RAW DATA:

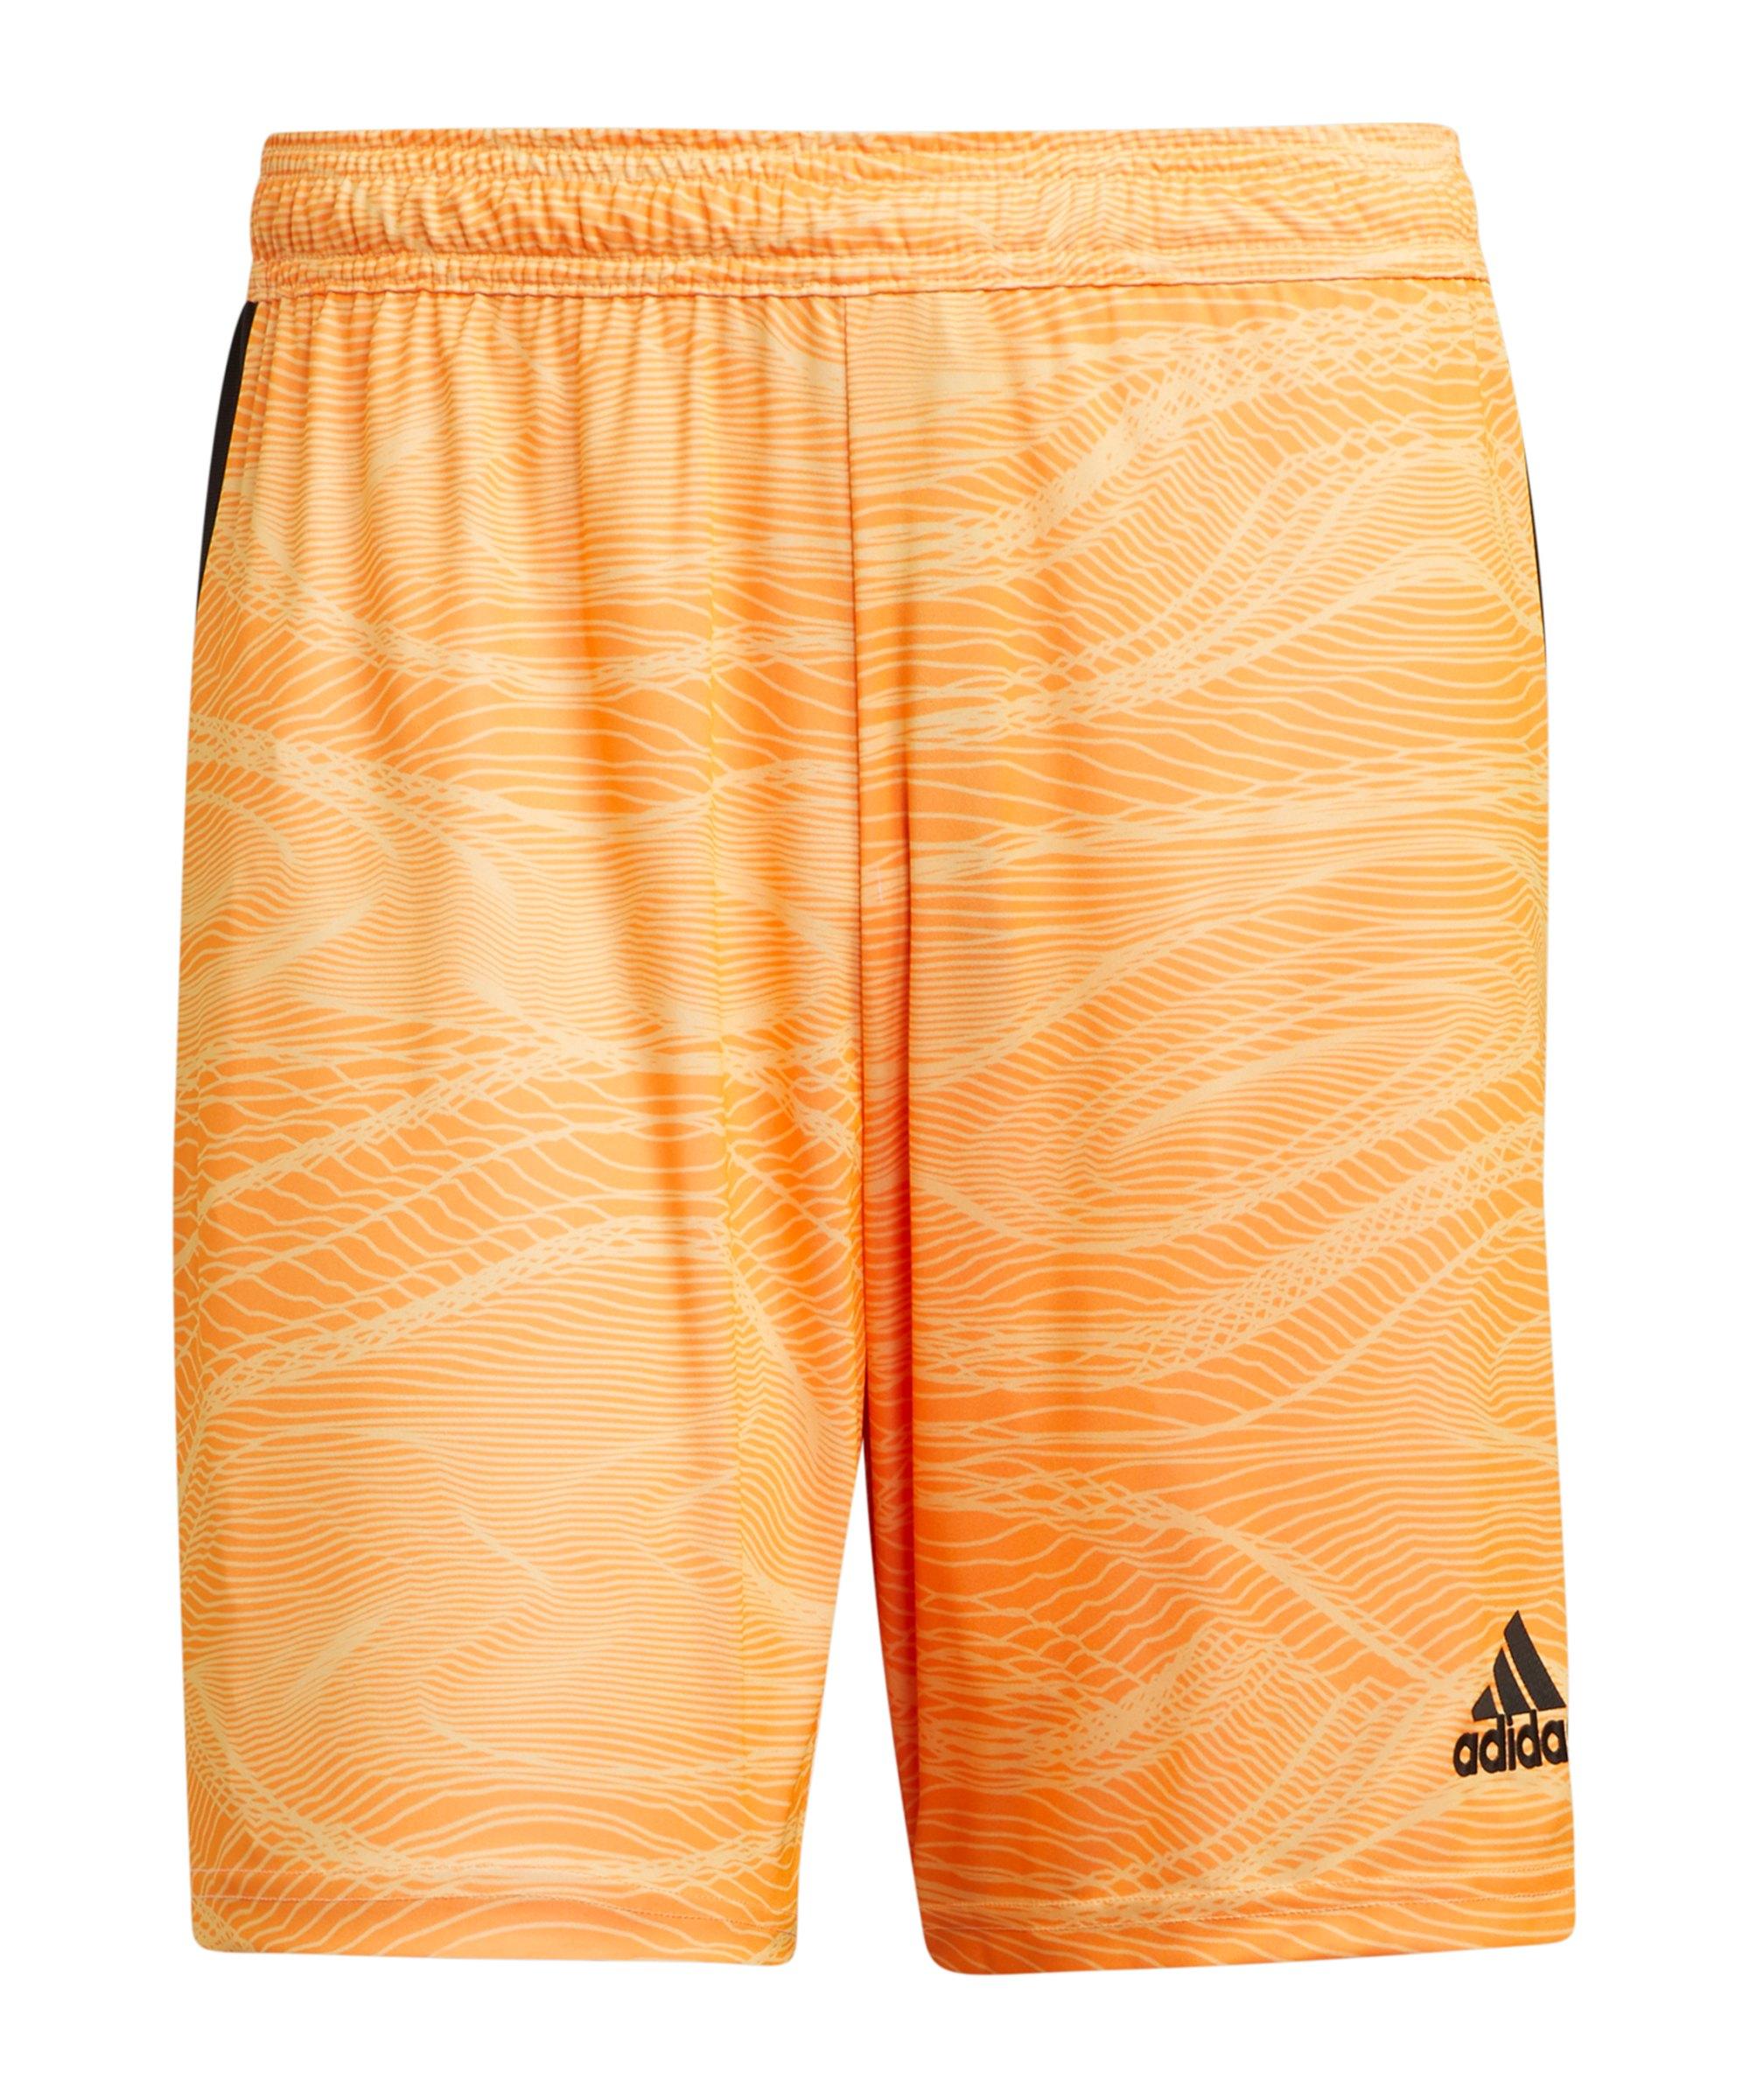 adidas Condivo 21 Torwartshort Orange - orange
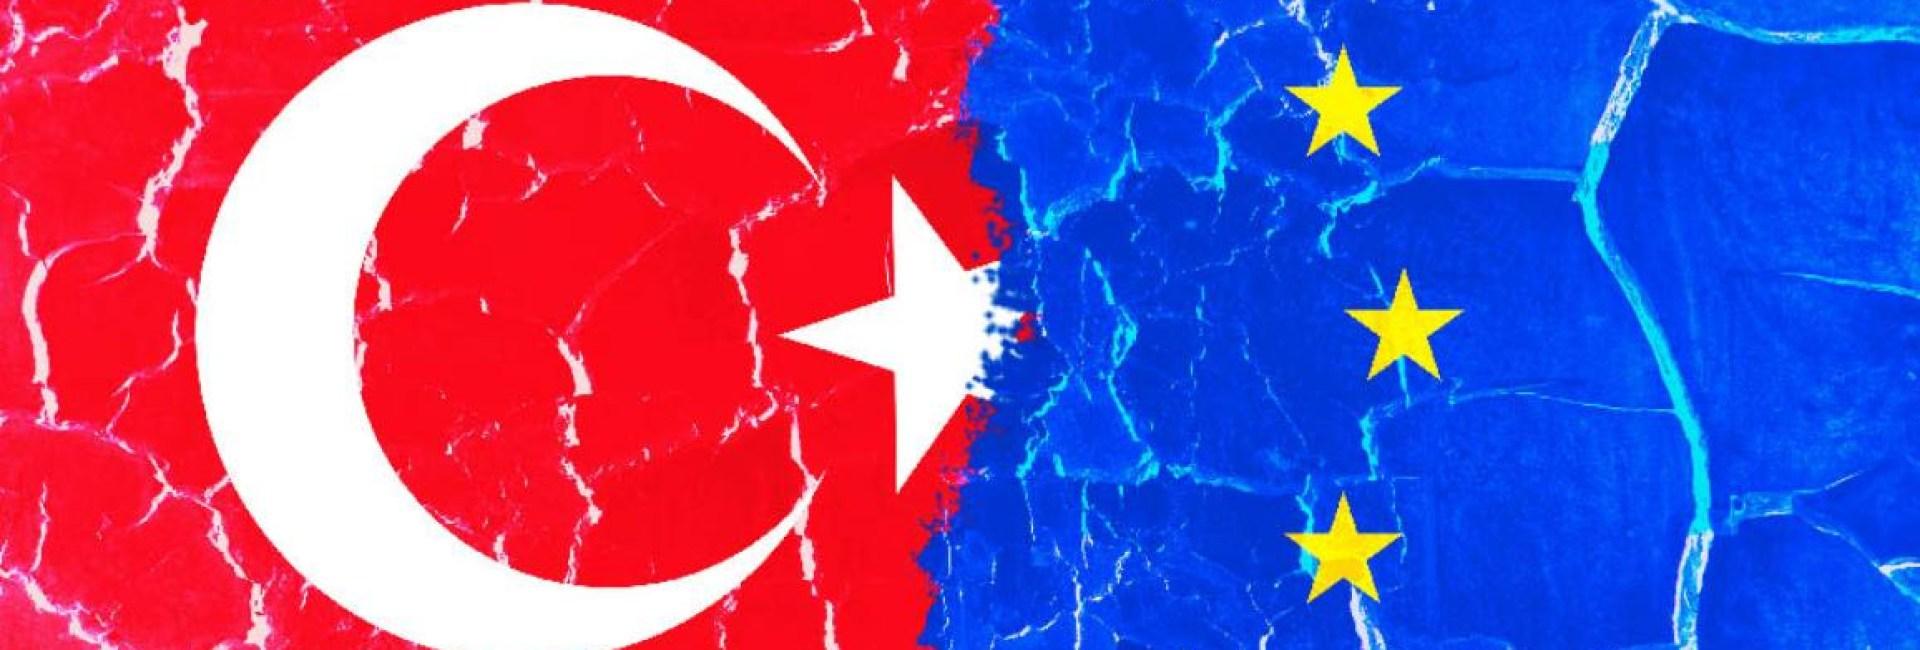 Ο εμπαιγμός της Ε.Ε. από την Τουρκία
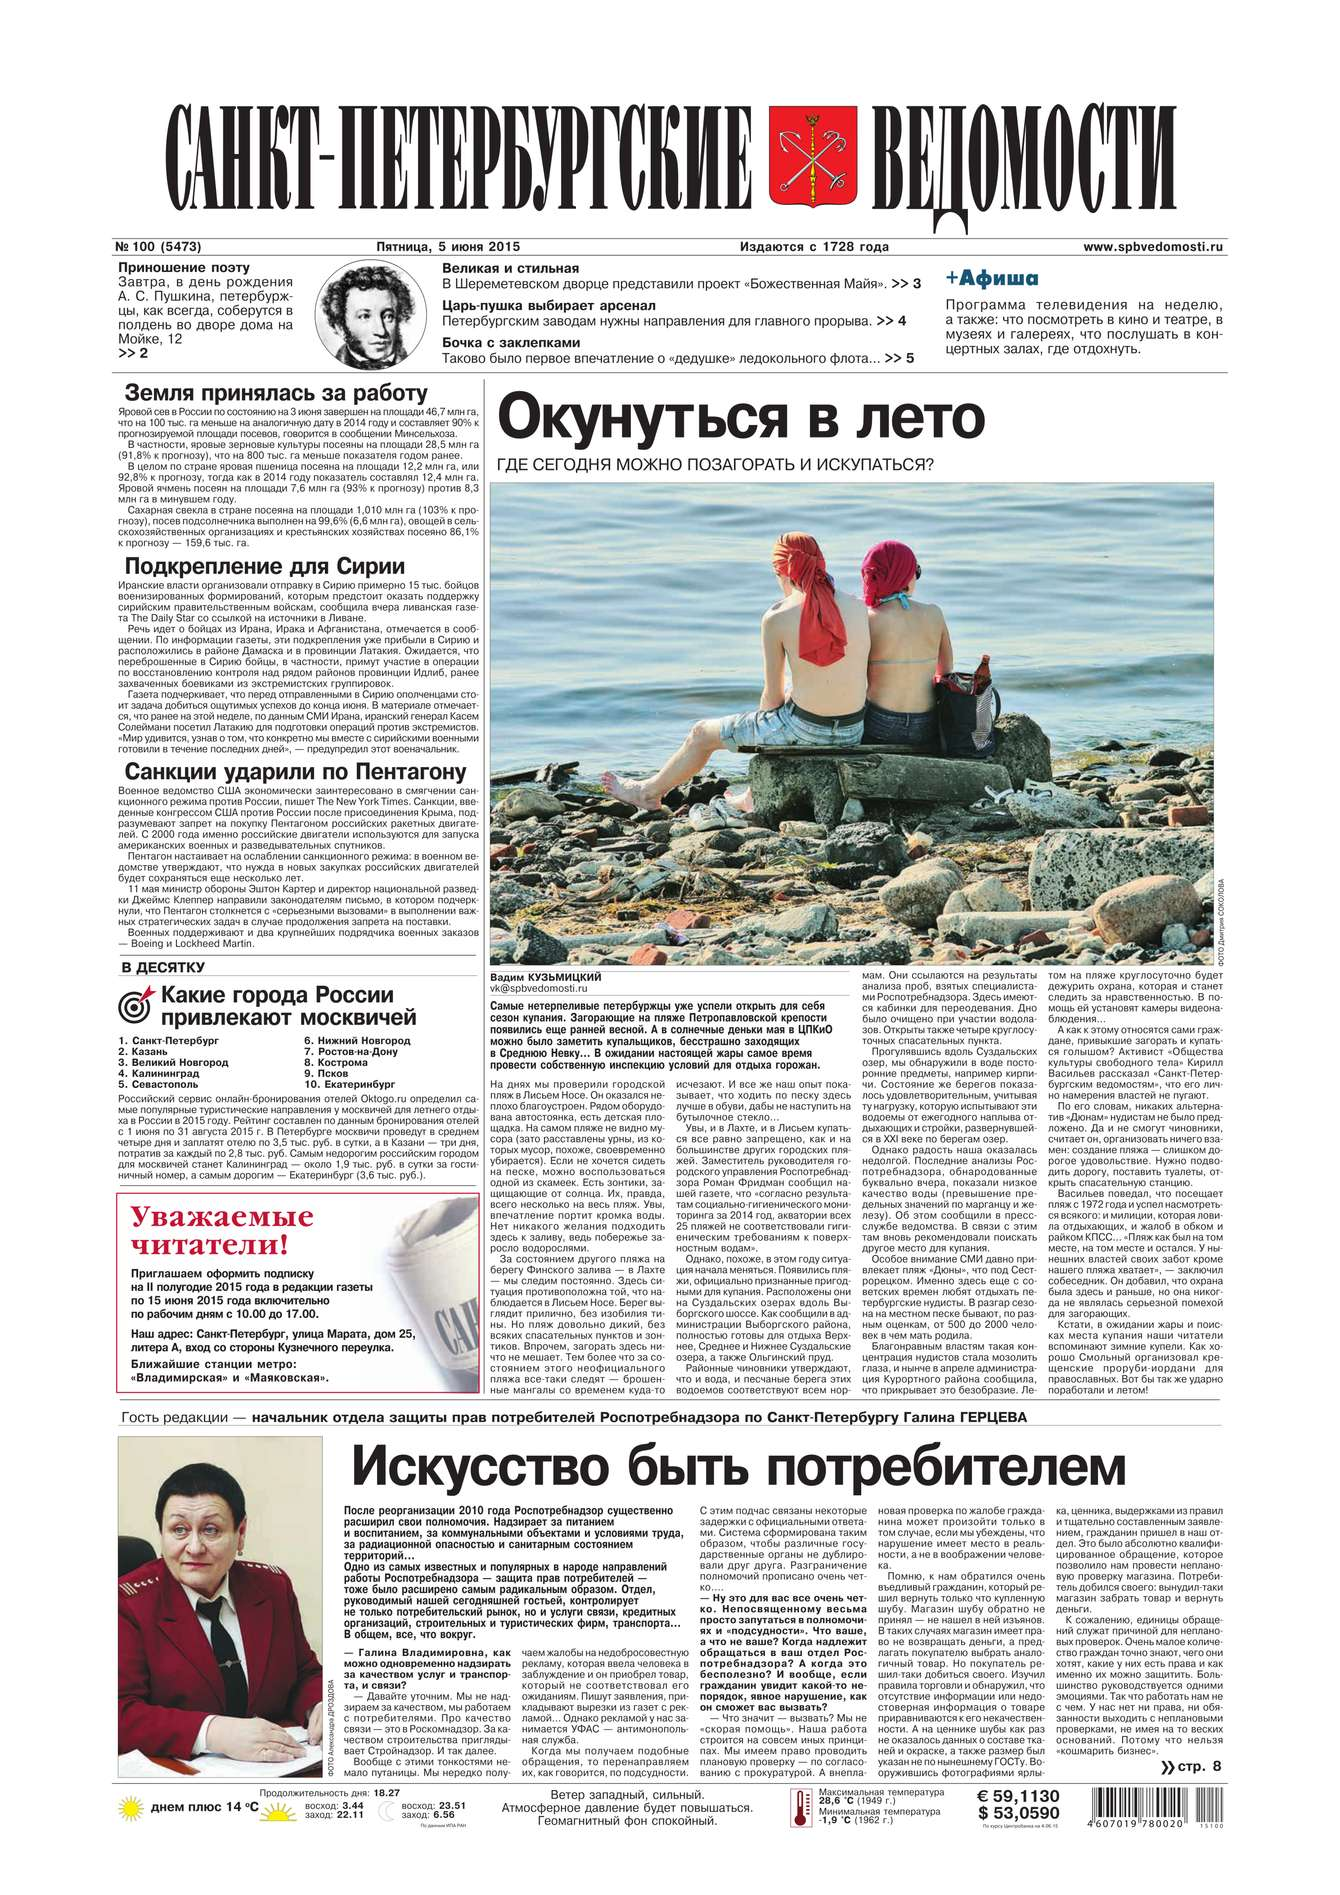 Санкт-Петербургские ведомости 100-2015

EXERCISE REQUIREMENTS:
Any images must be left out; transcribe the rest of the material exactly.

COMPLETED TASK:
 adidas Condivo 21 Torwartshort Orange - orange
 Ο εμπαιγμός της Ε.Ε. από την Τουρκία
 Санкт-Петербургские ведомости 100-2015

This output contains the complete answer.